Nvidia Backs DeepInfra in $107 Million Raise

Nvidia has invested in DeepInfra, a company specializing in an optimized AI inference cloud built around Nvidia’s GPU hardware, to enhance efficient access to open-source AI models and reduce inference costs. With $107 million in new funding, DeepInfra plans to expand its infrastructure across the US and globally, overcoming supply chain challenges through strategic partnerships to meet the growing demand for scalable AI inference services.

Nvidia has invested in DeepInfra, a company focused on building a specialized inference cloud that enables efficient access to open-source AI models. DeepInfra’s infrastructure is purpose-built to optimize AI inference, which is a critical phase in deploying AI models. Nvidia’s participation in the funding round reflects its interest in supporting technologies that enhance the utilization of its GPU hardware for AI workloads.

Unlike competitors such as Cerebras, which position themselves as alternatives to Nvidia, DeepInfra aligns closely with Nvidia’s hardware ecosystem. The company believes Nvidia’s GPUs remain the most efficient solution for AI inference and has heavily invested in leveraging this hardware. DeepInfra collaborates with Nvidia to improve inference efficiency and reduce the cost per token processed, anticipating that inference will account for the majority of AI compute demand in the future.

DeepInfra currently processes around five trillion tokens per week, achieving cost efficiencies through a combination of hardware deployment and software optimization. Key to their approach is effective caching mechanisms, such as key-value caches, which reduce redundant computations when AI agents make repeated requests with similar contexts. This focus on the entire stack—from data center selection to software design—has allowed DeepInfra to build a scalable and efficient inference cloud over the past four years.

With the recent $107 million funding, DeepInfra plans to expand its platform by deploying the latest Nvidia chips and scaling operations across the United States, with future plans to enter European and Asian markets.
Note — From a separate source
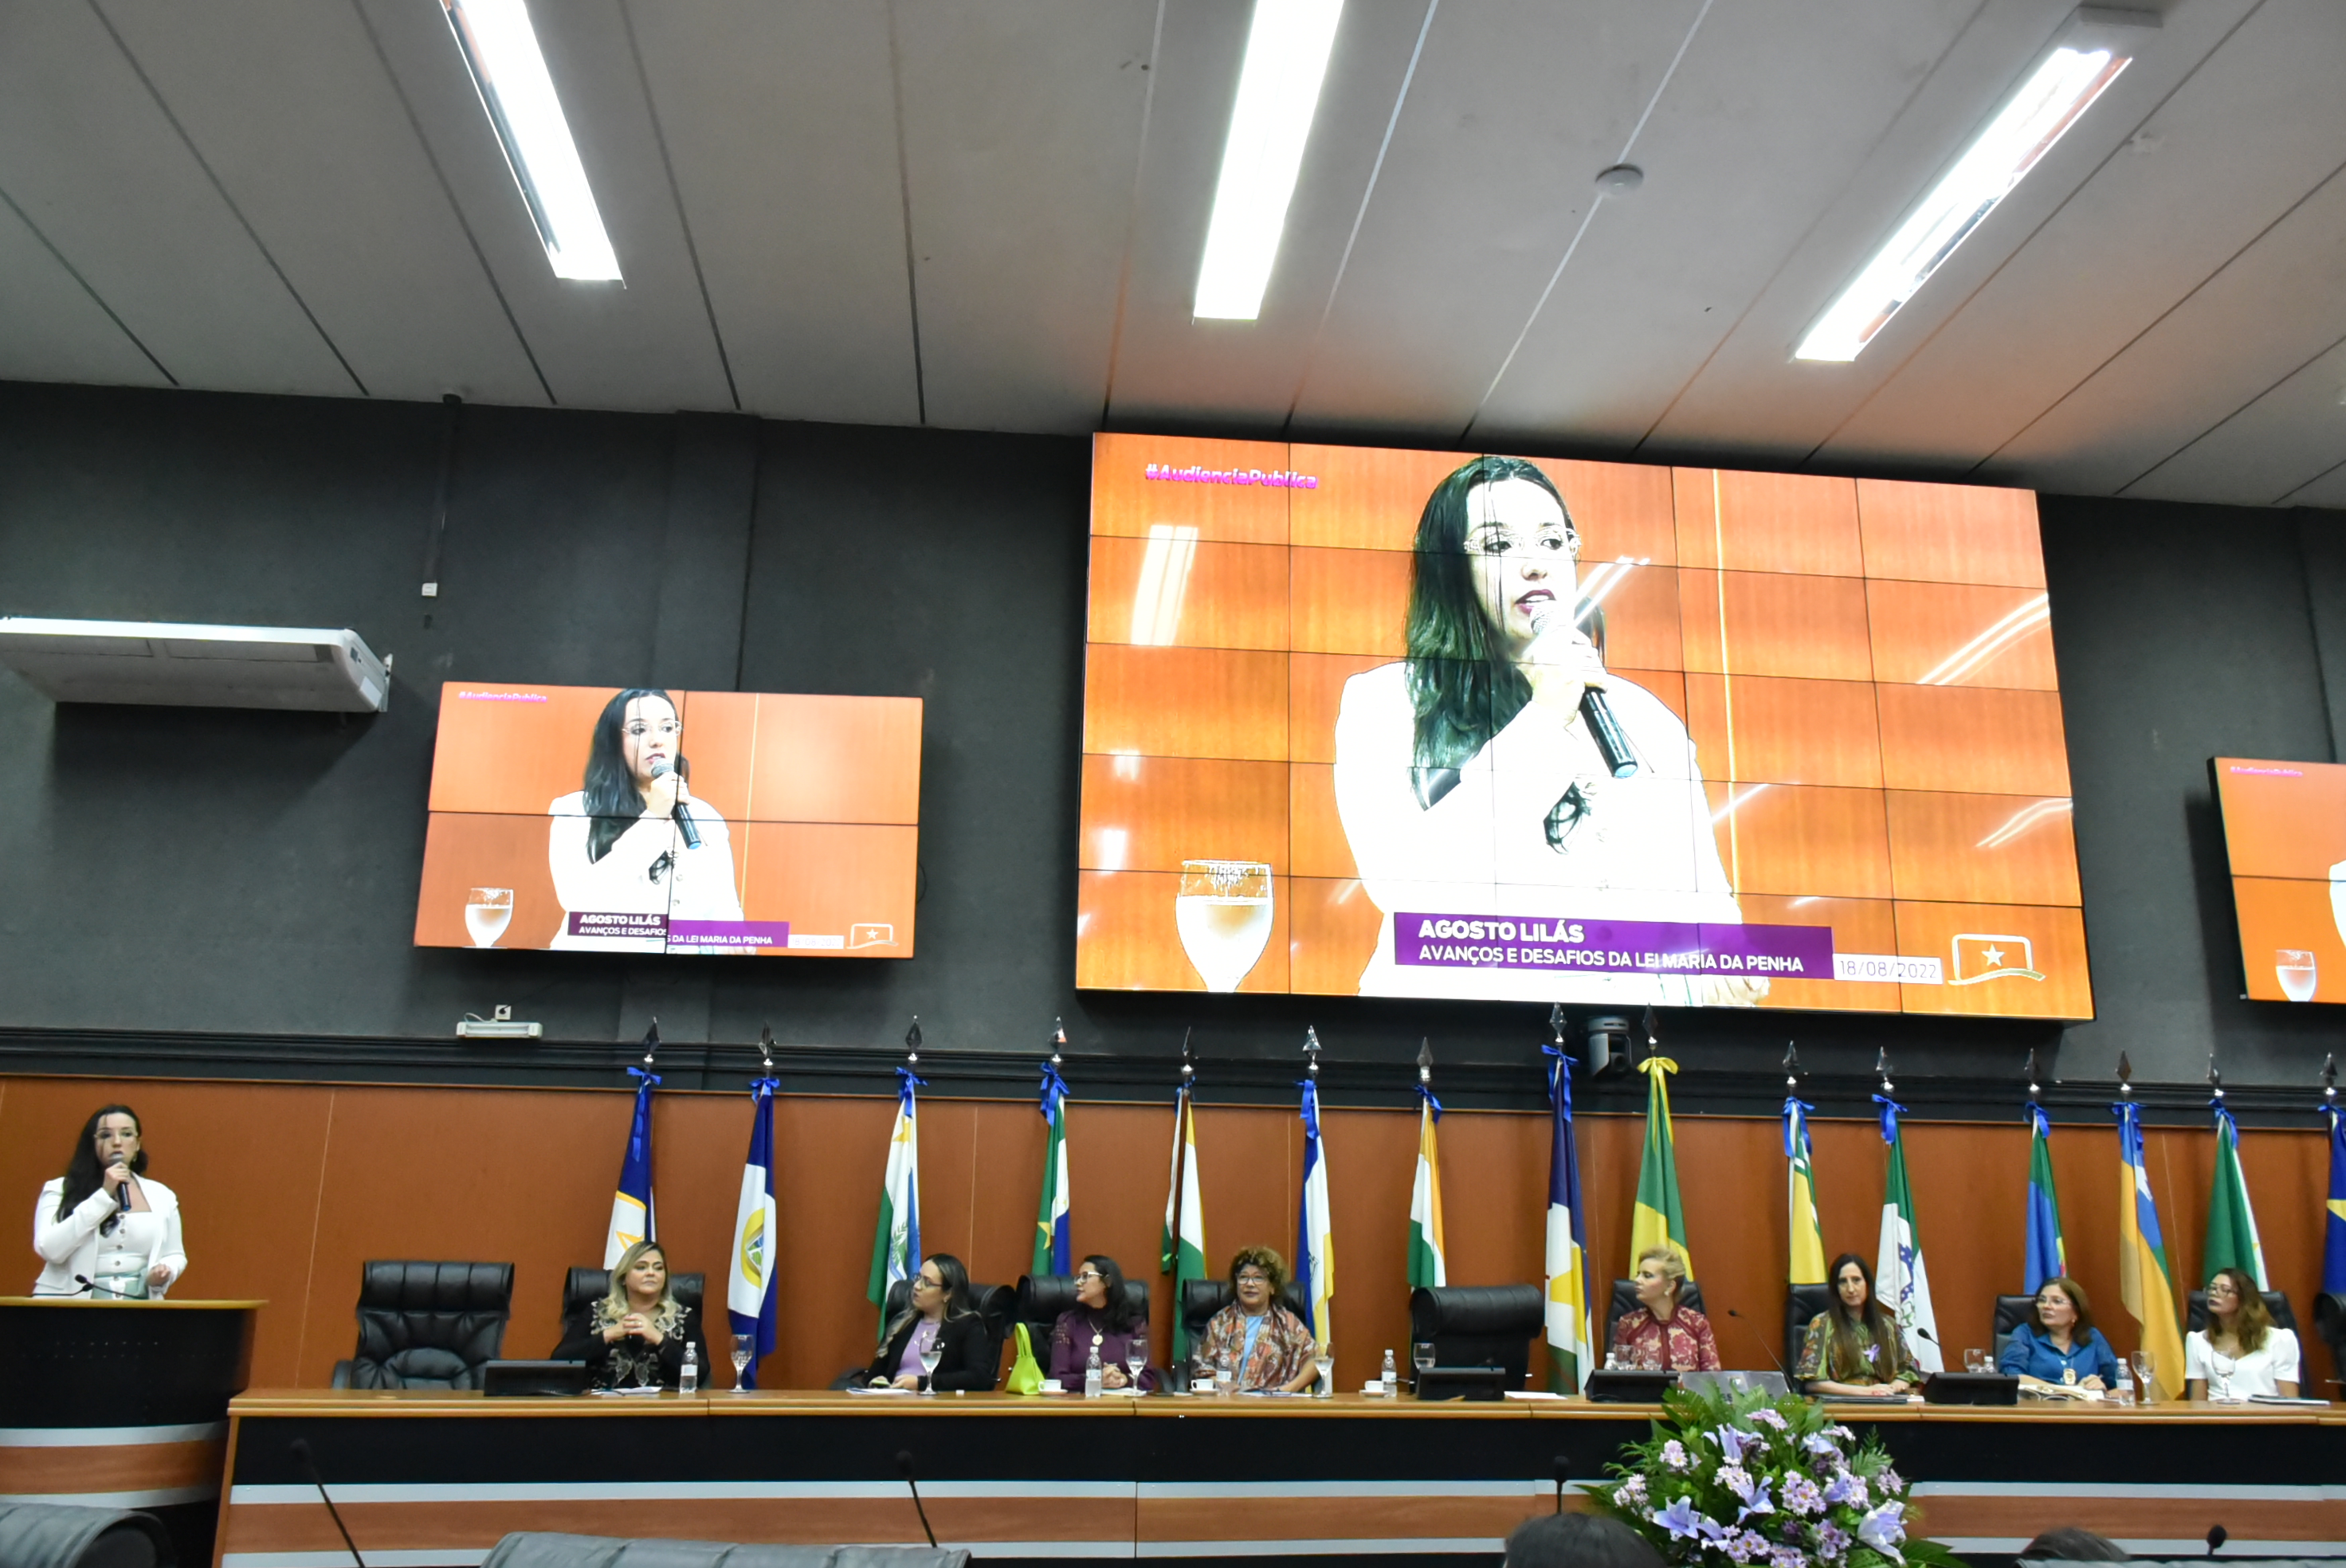 Imagem colorida da juíza Suelen Alves,  falando ao microfone na audiência pública na Assembléia Legislativa de Roraima (ALE-RR). Ao fundo dela, encontra-se três telões da transmissão da fala da juíza.

The company operates out of eight data centers and aims to increase its infrastructure footprint to meet growing demand for AI inference services globally.

Supply chain challenges, particularly shortages of memory and storage components, have impacted DeepInfra’s ability to build inference clusters. Strategic investors like Samsung and Super Micro play a crucial role in securing necessary hardware supplies. Given the immense compute requirements for AI inference—far exceeding traditional computing needs—DeepInfra emphasizes the importance of strong partnerships to navigate chip shortages and ensure steady growth in its AI infrastructure capabilities.